Step-by-step explanation:
In a population that is in Hardy-Weinberg equilibrium, the frequencies of alleles remain constant over generations. The Hardy-Weinberg equation allows us to calculate the expected frequencies of genotypes based on the allele frequencies. In this case, if the frequency of allele R is 0.3, we can use the equation: p² + 2pq+q² = 1 to determine the frequencies of genotypes.

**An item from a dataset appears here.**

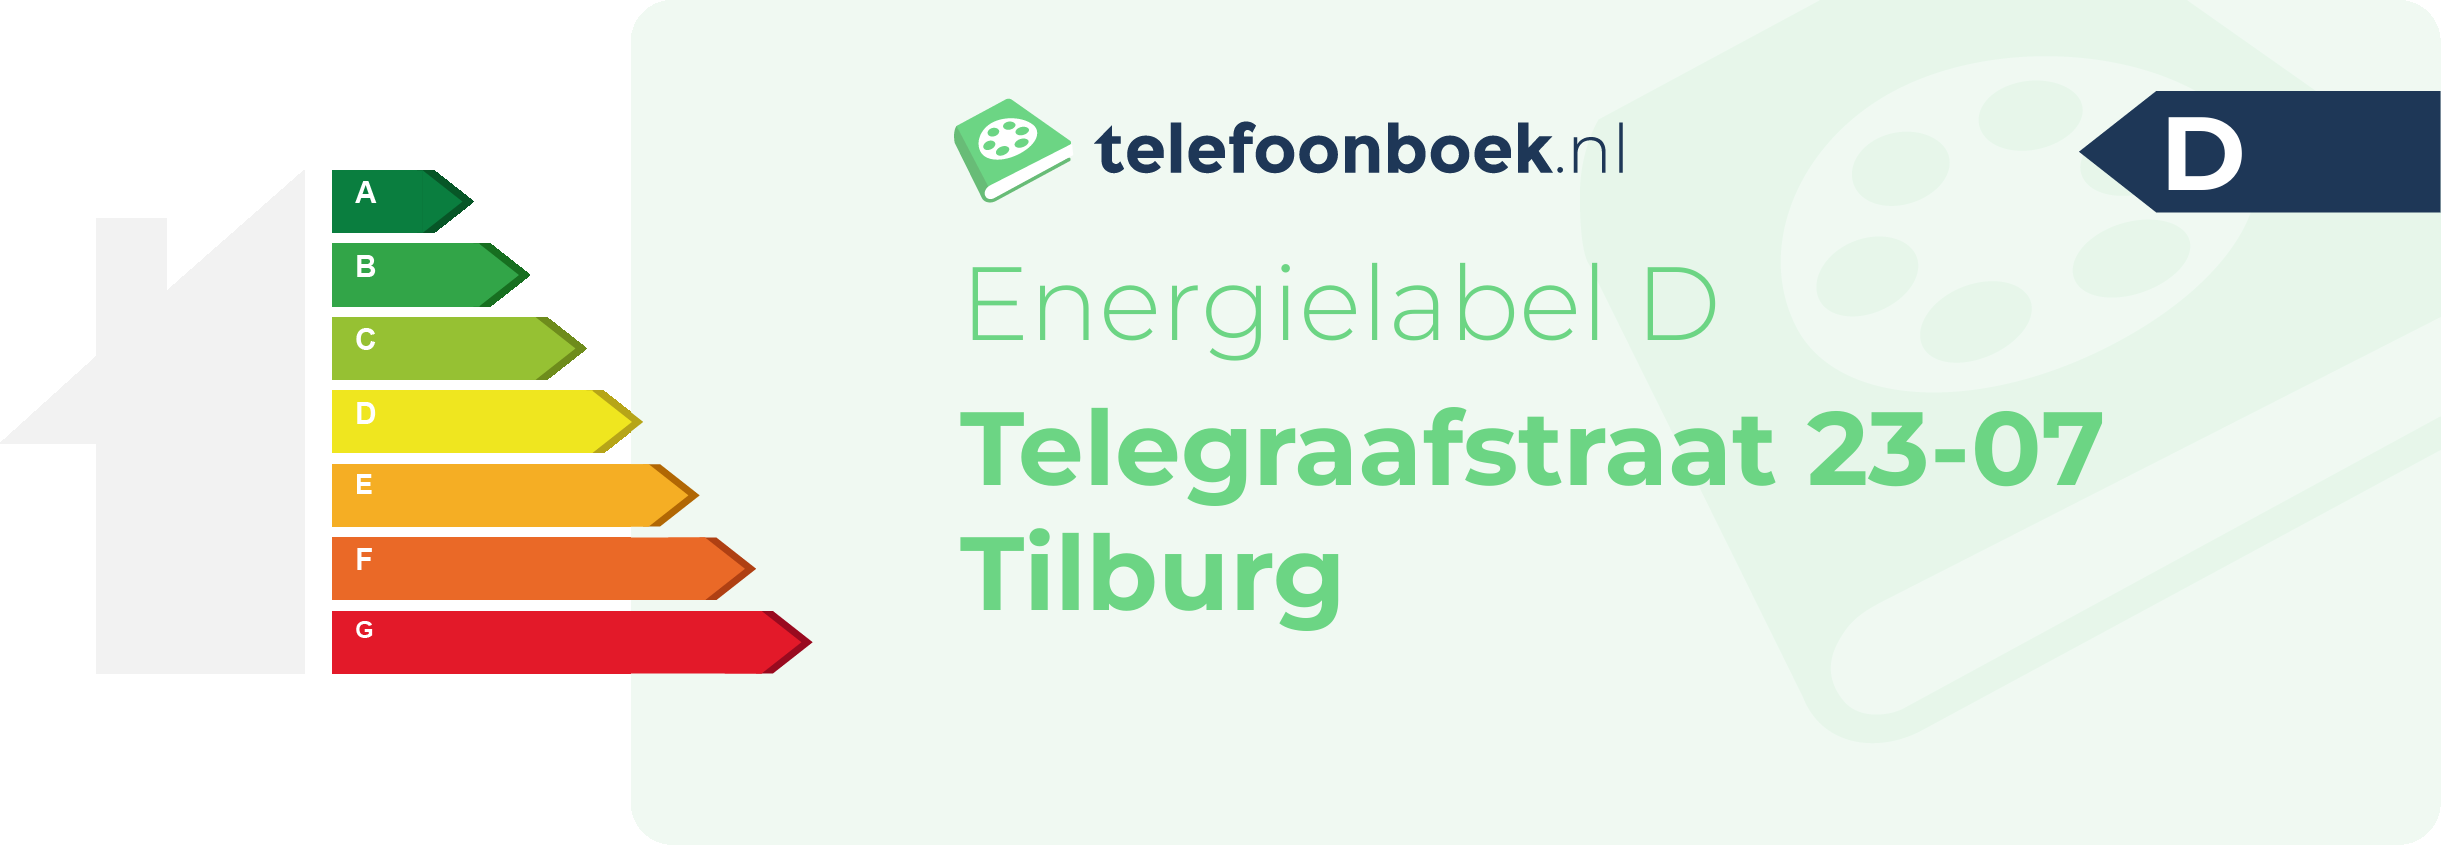 Energielabel Telegraafstraat 23-07 Tilburg

Let's use p to represent the frequency of allele R and q to represent the frequency of allele r. Since there are only two alleles, p + q = 1. Given that the frequency of allele R (p) is 0.3, the frequency of allele r (q) can be calculated as 1 - 0.3 = 0.7.
Using the equation, we can calculate the expected frequencies of genotypes:
- RR genotype frequency = p² = 0.3² = 0.09
- Rr genotype frequency = 2pq = 2 * 0.3 * 0.7 = 0.42
- rr genotype frequency = q² = 0.7² = 0.49
Based on these calculations, we can see that the most frequent genotype is rr (homozygous recessive) with a frequency of 0.49. Therefore, the accurate statement is B. Most individuals are heterozygous.